Although amino acid supplements have been prescribed to people with cognitive disorders as a result of the condition to influence brain activity, recent clinical trials demonstrated adverse side effects. As studies have involved only a few participants, drugs to treat symptoms of dementia in Down syndrome have not proven to be efficacious yet.
However, news drug trials are attempting to fight symptoms, and assistive devices like special pencils to make writing easier, touch screen gadgets and large-letter keyboards have been developed to enhance learning in children.
As we observe World Down Syndrome Day on March 21, here are some of the latest advancements in Down syndrome research.
New research establishes link between senescence and Down syndrome
Although the triplication of chromosome 21 (T21) is an established fact, very little has been known about its effect on transcription in the nucleus of cells.
However, a study conducted by researchers at the Massachusetts Institute of Technology (MIT) in the U.S., has shed light on the interplay between T21 and transcriptome, which is the sequence of messenger RNA molecules.
It was found that, unlike human induced pluripotent stem cells (iPSCs), iPSC-derived neural progenitor cells (NPCs) exhibit chromosomal introversion – characterized by more genetic interaction within each chromosome rather than among them – and changes in chromatin accessibility – a factor that influences the regulation of gene transcription.

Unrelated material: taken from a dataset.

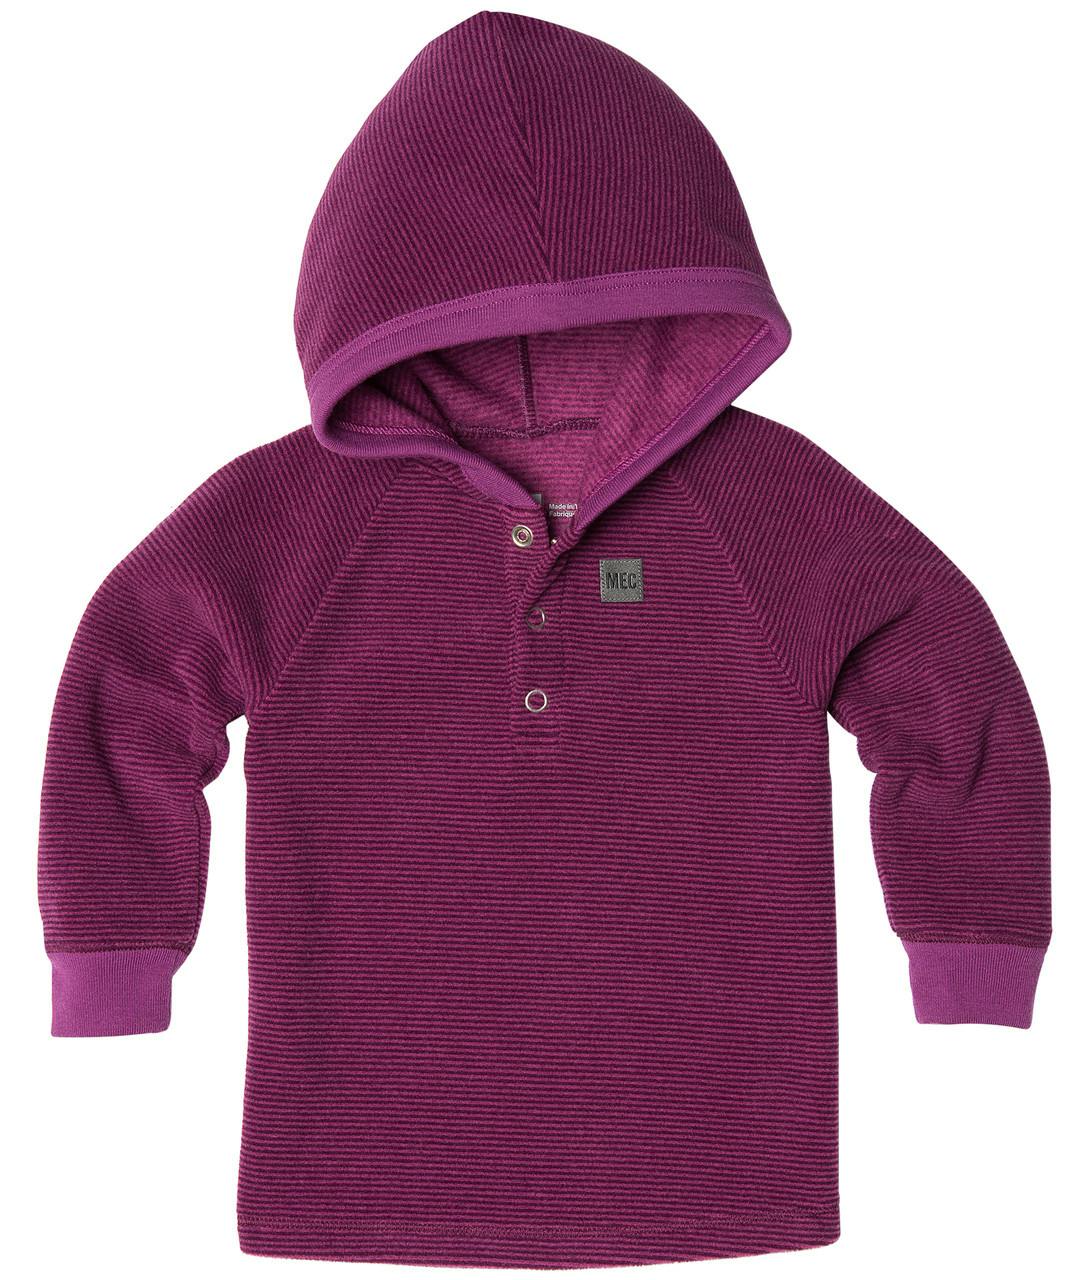 Bambini Pullover Petunia-Potent Purple Pic

The research findings have indicated a link between Down syndrome and senescence (associated with aging), affecting neurodevelopment.
The treatment of the T21-harboring NPCs with senolytic drugs, which selectively clear senescent cells, alleviated some of the biological dysfunctions associated with Down syndrome, according to Fady Riad, CEO of consulting firm Centurion Life Sciences.
Riad expressed that “senolytics like dasatinib and quercetin might be potential therapeutic options for patients since they may alleviate cellular and molecular dysfunction in NPCs.”
Clinical trials for new drug to potentially improve cognitive function in people with Down syndrome begin
The Spanish Hospital del Mar Medical Research Institute is conducting a phase 1b clinical trial to test the safety and efficacy of a new treatment to improve cognitive function in people with Down syndrome.
As studies have shown that people with Down syndrome have a hyperactivated CB1 cannabinoid receptor, the drug candidate is based on the modulation of the receptor with specific inhibitors which has proven to be effective on animal models. The French biotech Aelis Farma developed AF0217, a molecule that counteracts the hyperactivity of CB1 cannabinoid in the brain.
With funding from the European Union (EU), the team at the Spanish Hospital del Mar Medical Research had previously conducted a trial phase for AF0217, which was approved by the Spanish Agency for Medicines and Health Products (AEMPS), after having demonstrated that the molecule is well-tolerated.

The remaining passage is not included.